Over the past couple of weeks, I’ve been walking the halls of the middle school. During these walks, I’ve run into many former students from my time as an elementary principal.
Every one of them has either yelled, “Ms. Lawson!” to get my attention, or they’ve whispered to a staff member that they know me. When we are brought together for conversation, the looks on their faces are always the same.
They stand before me, shoulders pulled back, and they look me in the eyes, smile and wait. They wait for what I might say. For me to see them and celebrate them. Truly. It’s always the same proud, silent stance for approval. They are certain that I will have something good to say to them and about them, and I do.
I recently ran into a young man who ran for student council and was voted into office. He and I used to talk a lot at recess about leadership and sportsmanship during playground football games. He worked hard to play fair, include others, and let disappointments roll off his back. I told him, “I always knew you were a leader. Remember all of those good talks we used to have about leadership?”
He said, “I do. I do remember that.” And smiled.
Our students want what the rest of us want. We want to be seen and valued for the unique gifts and talents we bring into our schools every day. None of us want to be reminded of our flaws and deficits.
Sometimes, it’s easier to read younger children than it is to read adolescents and adults. The way many kids stand before me in these small encounters makes it so clear how they feel and what they need. Acknowledgement. Connection.
But there are adults in our schools who need the same. Acknowledgement. Connection. To feel valued for their unique contributions to our school communities. And yet, adults don’t often stand before us in silence, shoulders back, waiting to be celebrated. Many of them are hustling away in classrooms with closed doors. Many of them of them hide behind sarcasm when you pass them in our hallways, “How are you?” “Livin’ the dream!”
When we care for our teachers, we are caring for our students. Don’t ever underestimate the power of a kind word, a thoughtful note, a quick and kind classroom visit, a little snack left on someone’s desk.
Growing up, I hid a lot of my pain from teachers-especially in high school.

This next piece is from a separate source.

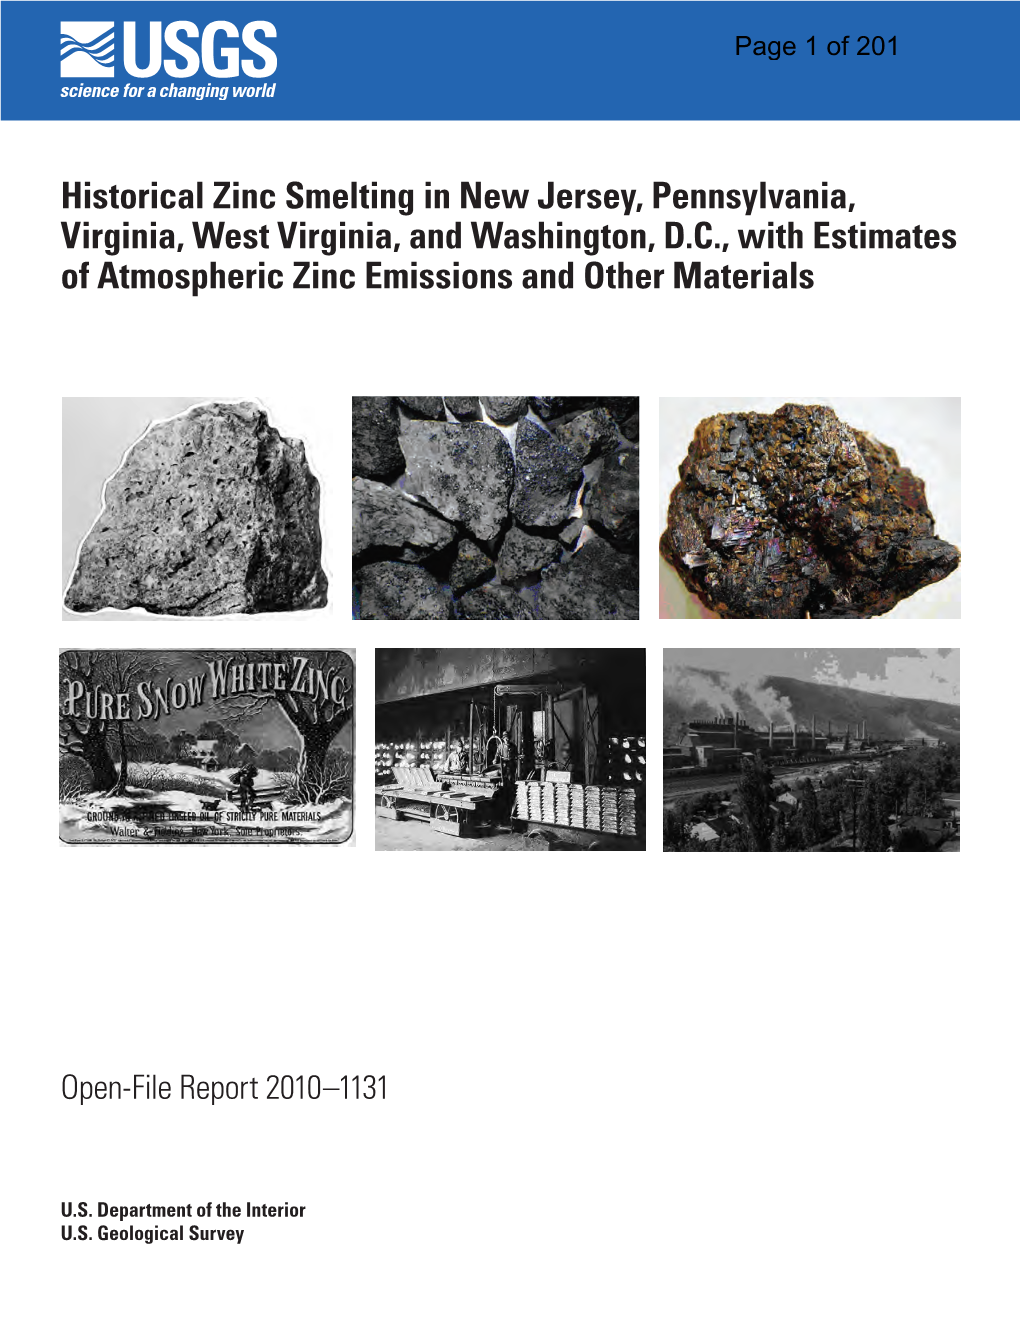 Historical Zinc Smelting in New Jersey, Pennsylvania, Virginia, West Virginia, and Washington, D.C., with Estimates of Atmospheric Zinc Emissions and Other Materials

My stepdad was not an easy man to live with. After my senior prom and after prom, I came home from a long, fun night of no sleep, hair and make-up still done, rhinestones in my ears, and he was waiting there to tell me that my car was leaking some oil on our driveway. He demanded that I get out there right this second to scrub the oil off with a bucket and some soap and water. And there I was, sleep-deprived, full-face of make-up and an up-do, on my hands and knees sobbing and scrubbing for neighbors to see.
That is one small example of many painful, cruel memories that I never shared with a teacher. They will never know all of those small gestures and kind words that helped fill my bucket.
Our students don’t live in a vacuum. There are no two worlds. No two lives. There is one life. There is one real world. School stuff impacts life outside of school. Life stuff impacts stuff inside of school. It’s messy and complicated, but it can be beautiful.
Knowing this gives us great power. Every word and interaction has the power to grow hope in other people. We can grow a sense of hope for the future. We can grow their belief that they are capable beyond on measure. We can grow everyone’s sense of wellbeing. We can remind others that there are good people in this world who will stand in their corner, have their back, and cheer for them.
Kids need that.
Adults need that.
We all need it.
So, don’t think twice about going down that slide at recess, playing, and talking with kids. Do it. This is the work. Don’t worry about whether people will judge you for setting aside that lesson to connect with your students. Do it. This is the work. Don’t stress about whether someone would like that nice, little thing you want to do for them. So what if it’s corny?
Do it anyway. This is the work.
How might you take 30 seconds this week to truly see and celebrate someone else? You might be surprised how your sense of wellbeing will grow through it too.